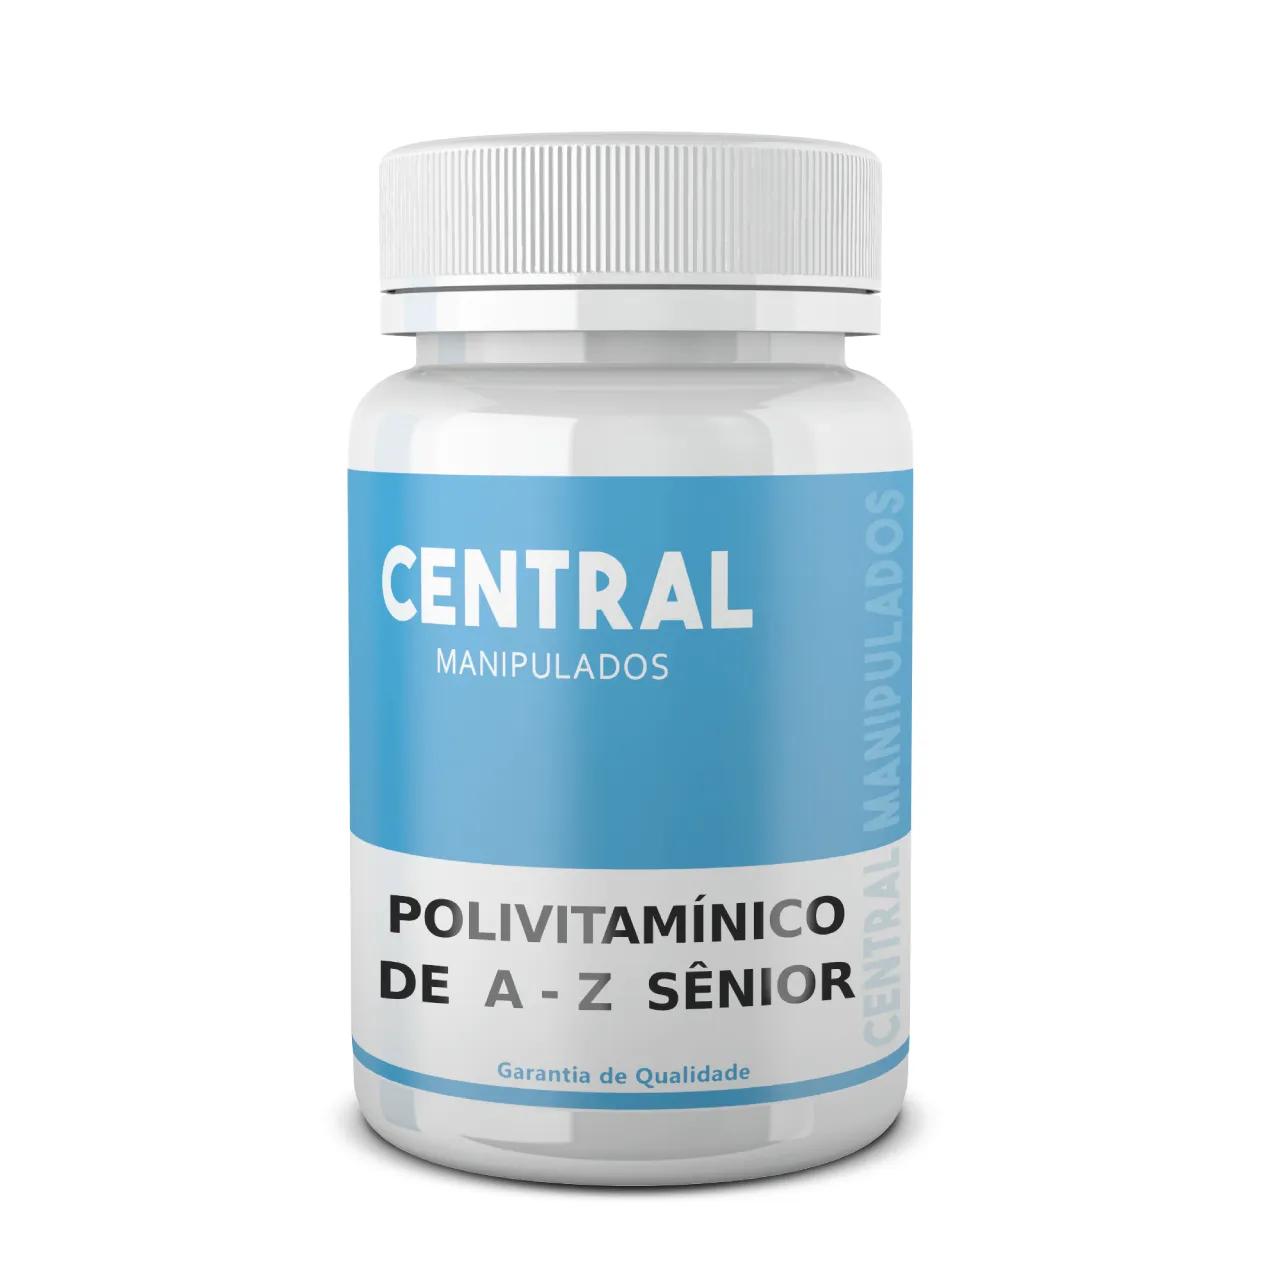 Central Polivitamínico Sênior de  A-Z - 240 cápsulas - complexo vitamínico Central Manipulados
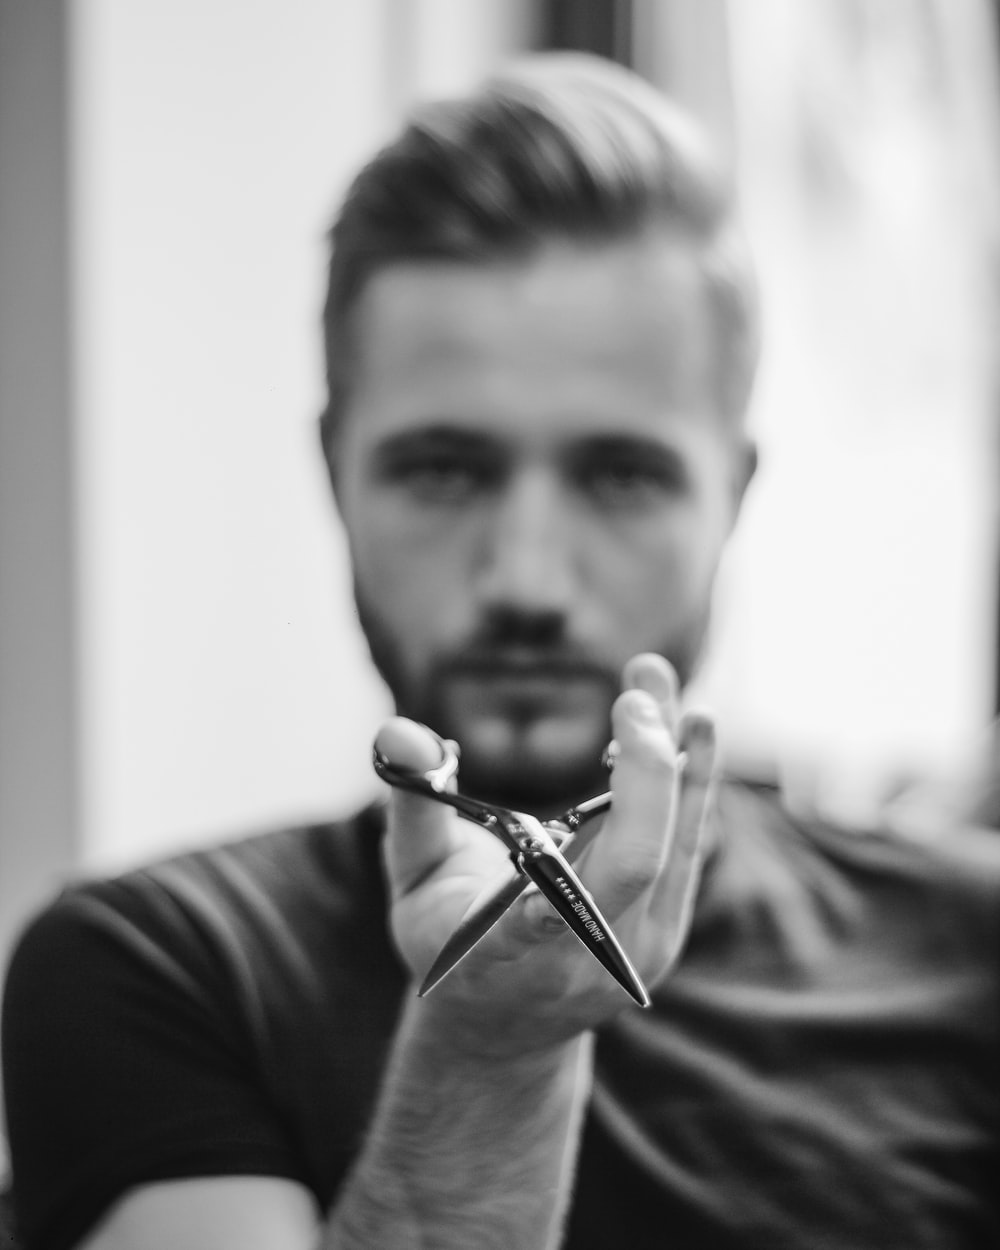 shallow focus photo of man holding scissors
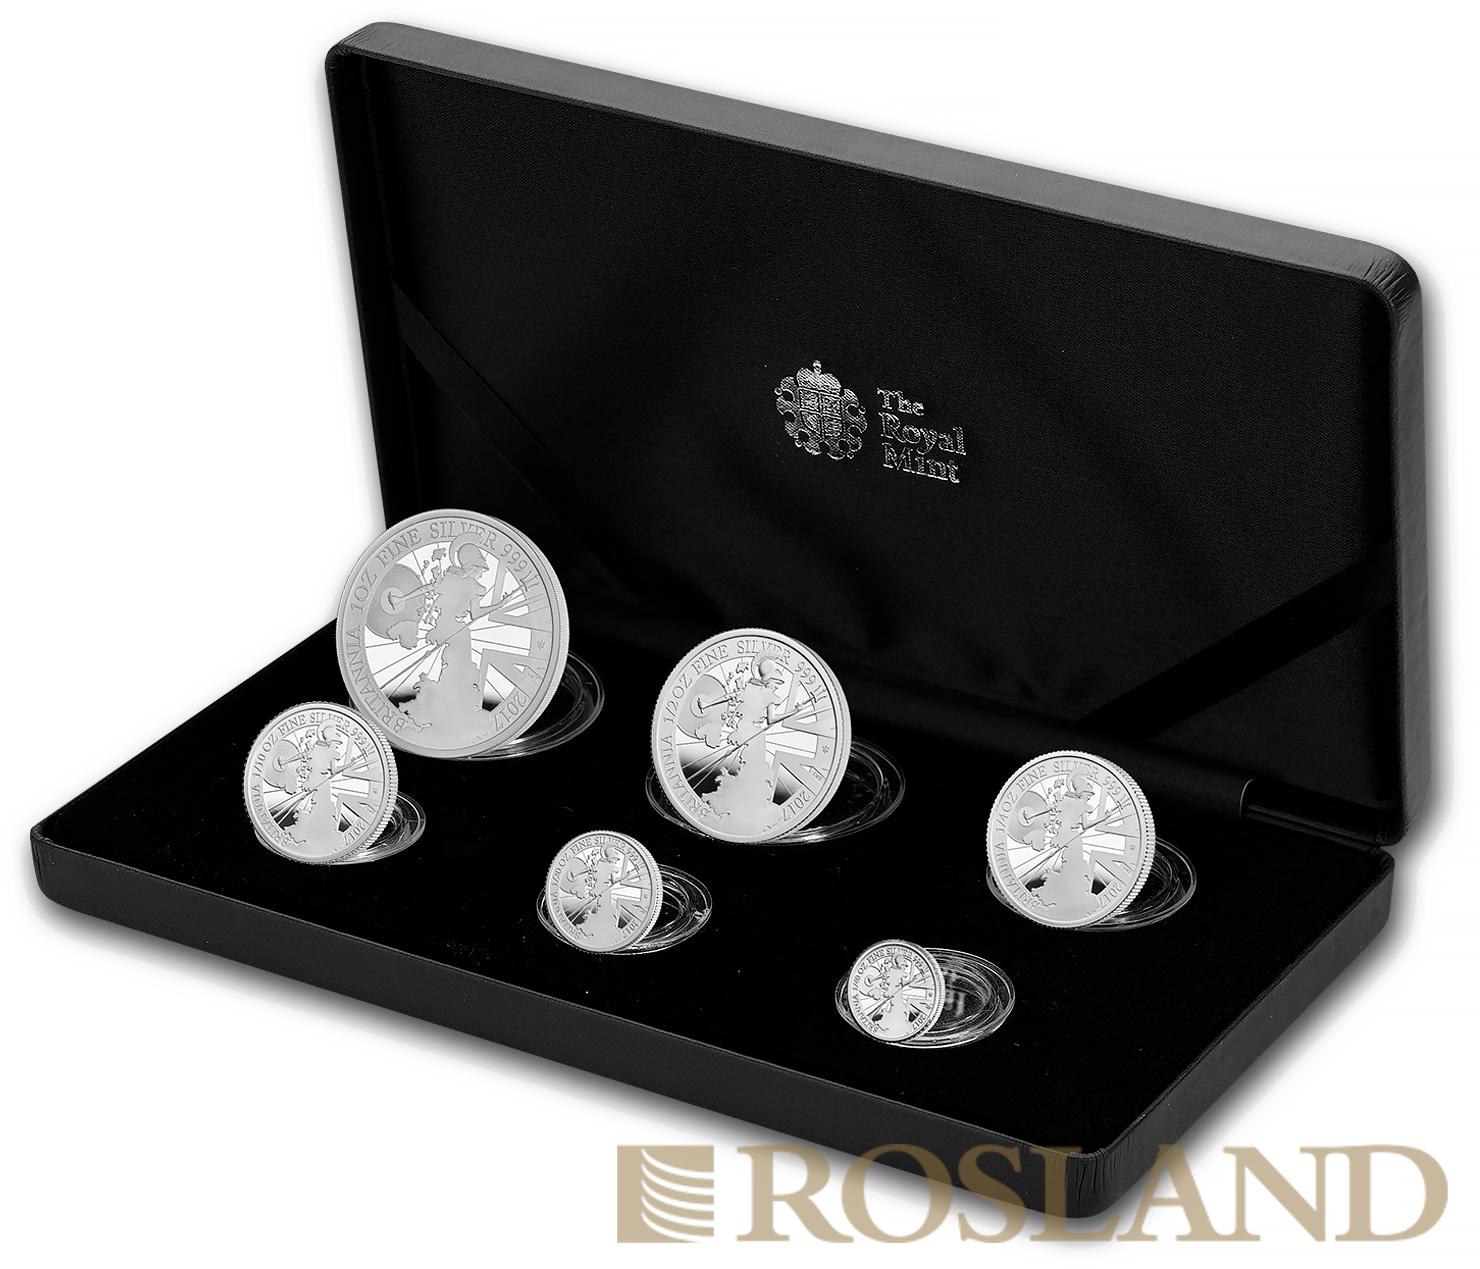 6 Silbermünzen Set Britannia 2017 - 20 Jähriges Jubiläum PP (Box, Zertifikat)

+++

ABOUT THIS EXERCISE = Return the data verbatim, leaving out the pictures it holds.

ANSWER TO THE EXERCISE =
 Central Polivitamínico Sênior de  A-Z - 240 cápsulas - complexo vitamínico Central Manipulados
 shallow focus photo of man holding scissors
 6 Silbermünzen Set Britannia 2017 - 20 Jähriges Jubiläum PP (Box, Zertifikat)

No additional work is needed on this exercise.